在构建查询计划之前，已创建了两个即时过滤的统计信息，其中一个是在Join中使用的PersonID列中。

Now, if we look at the TF 2363 diagnostic output, among the other information, we’ll see:

现在，如果我们查看TF 2363诊断输出以及其他信息，我们将看到：

Now, if we look at the join estimates, we’ll see that this statistic was used to estimate the join like the one we created manually on the previous step, and the estimate is 69 rows, which is equal to the actual number of rows.

现在，如果我们查看联接估计，我们将看到该统计信息像我们在上一步中手动创建的联接那样用于估计联接，估计为69行，等于实际的行数。

If you try to find the created statistics in the sys.stats DMW – you will not find it there. It is created on the fly, during the query optimization and is not persisted in the sys.stats, that is why we didn’t see the Auto Stats event in the Profiler.

如果尝试在sys.stats DMW中查找创建的统计信息–您将不会在其中找到它。它是在查询优化期间动态创建的，并且未持久保存在sys.stats中 ，这就是为什么我们在Profiler中没有看到Auto Stats事件的原因。

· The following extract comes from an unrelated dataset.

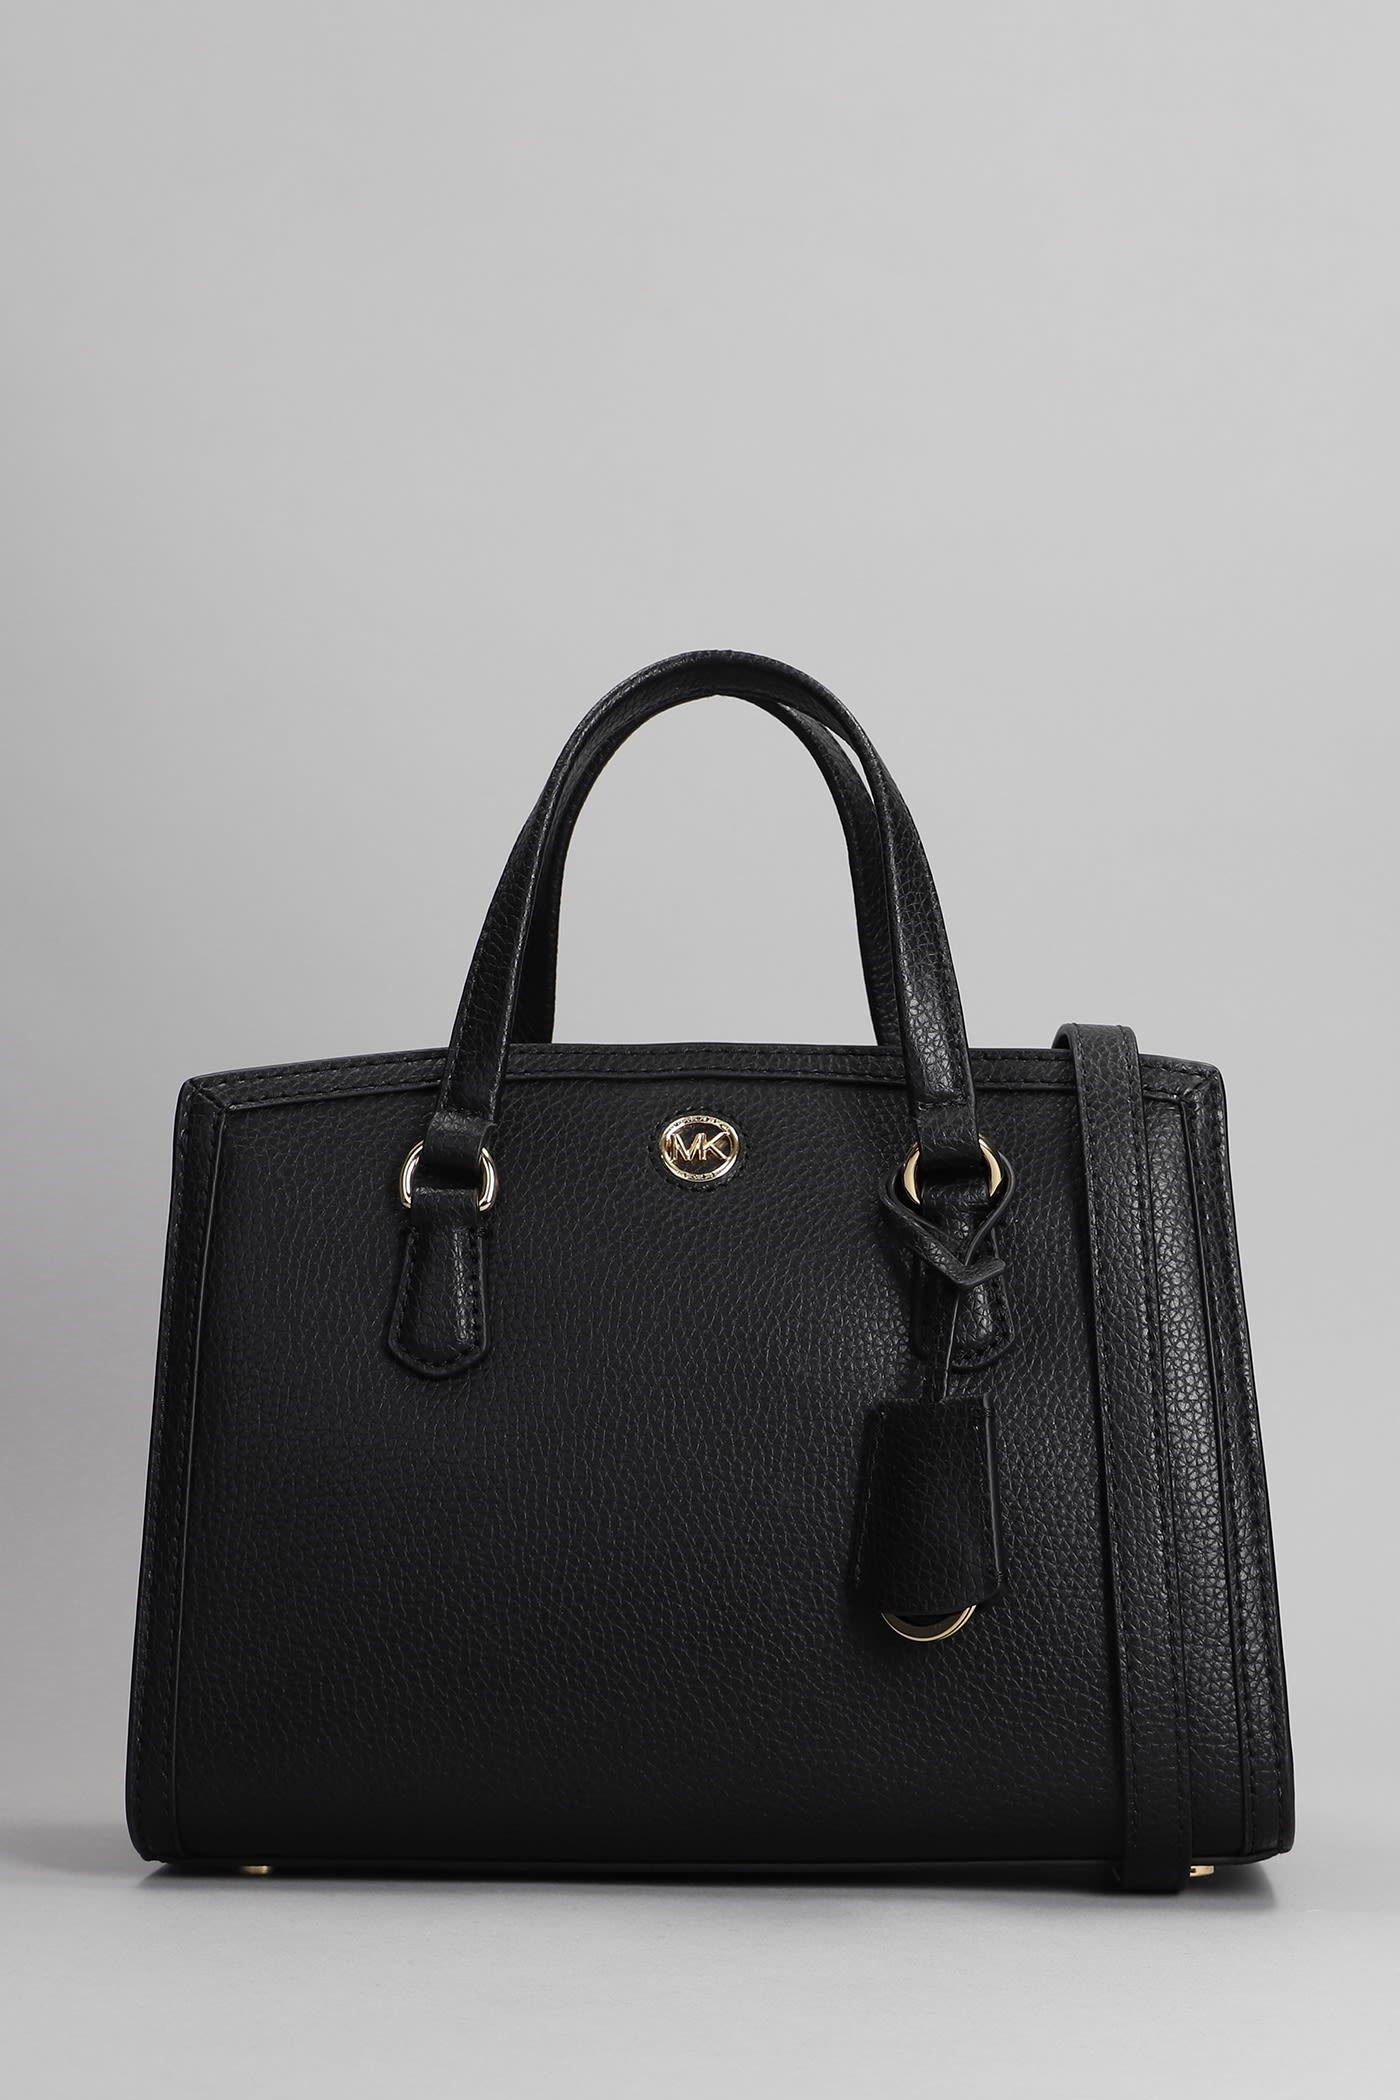 Michael Kors Chantal Hand Bag In Black Leather
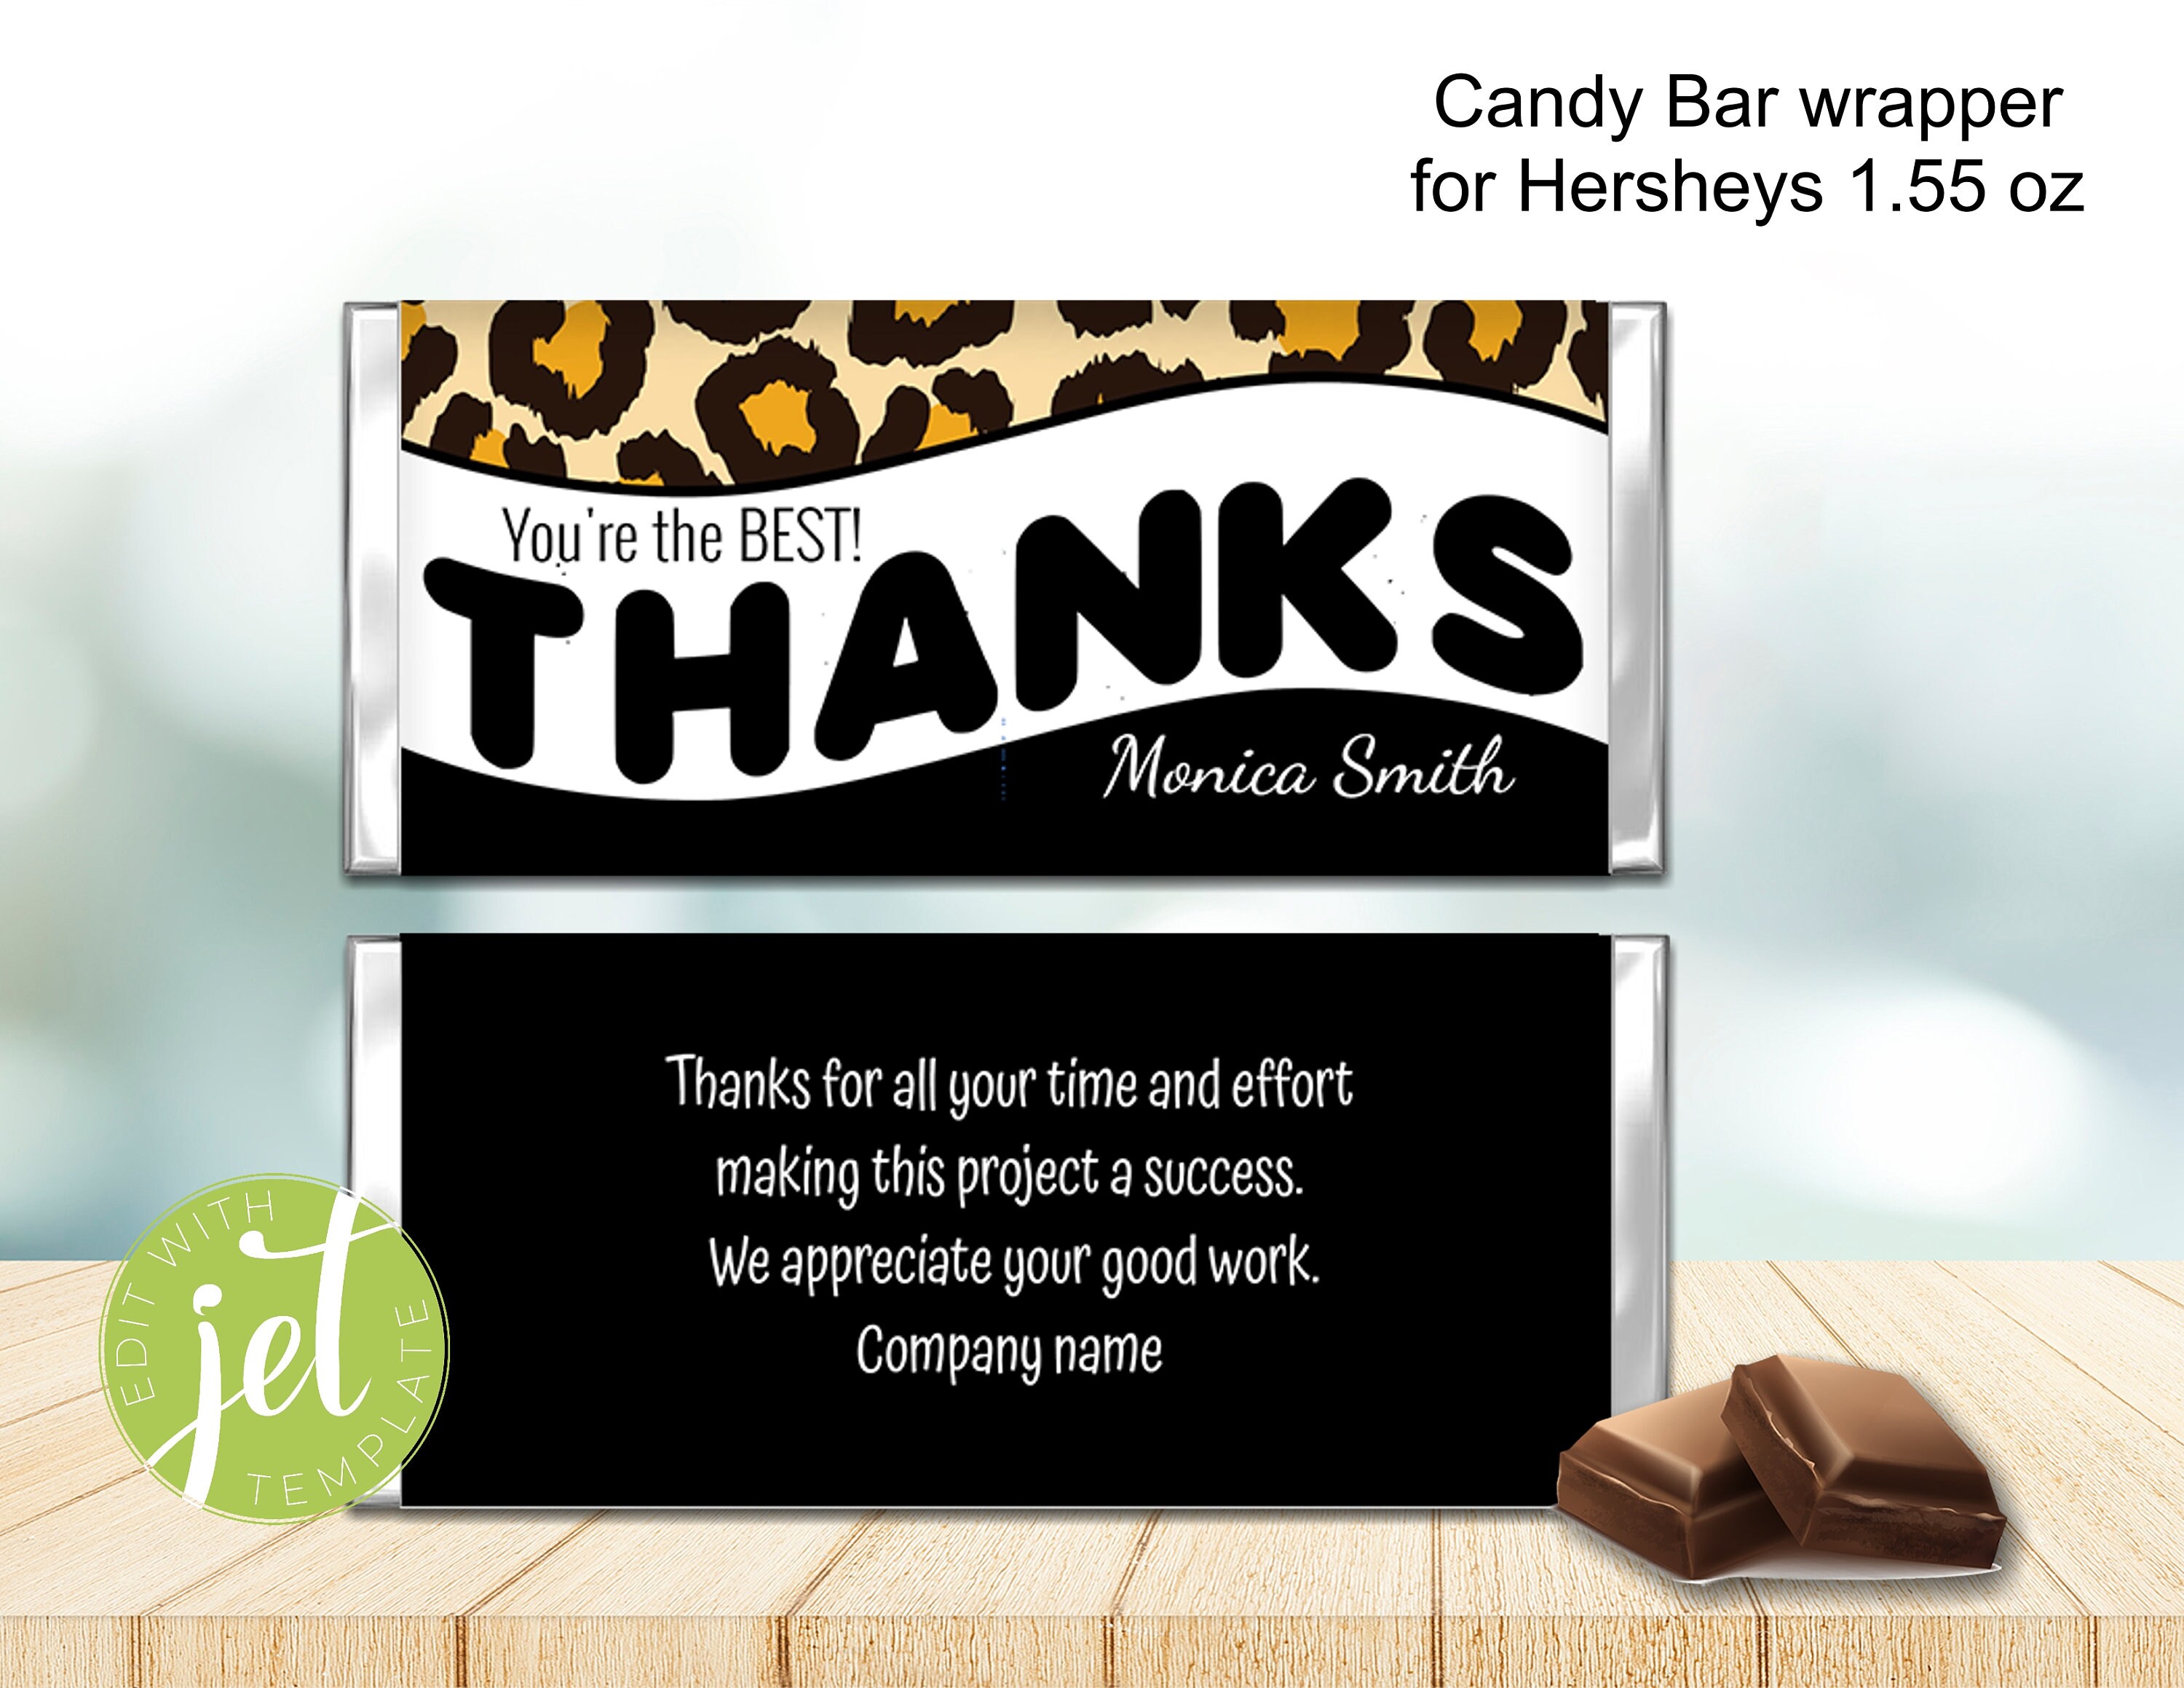 Hershey's Money Candy Bar Wrappers Chocolate Cash Dollar $20 $50 $100  Hershey

I think it is a very curious model variation, though it is quite resource intensive, to build the statistics each time you optimize a query, maybe there are certain scenarios and special cases where it will be beneficial and Microsoft decided to implement it as a model variation.

我认为这是一个非常奇怪的模型变体，尽管它非常耗费资源，但是每次优化查询时都要建立统计信息，也许在某些情况下和特殊情况下这将是有益的，Microsoft决定将其实现为模型变异。

That’s all for today. Next, we will talk about some other changes in the new Cardinality Estimation Framework.

今天就这些。接下来，我们将讨论新的基数估计框架中的其他一些更改。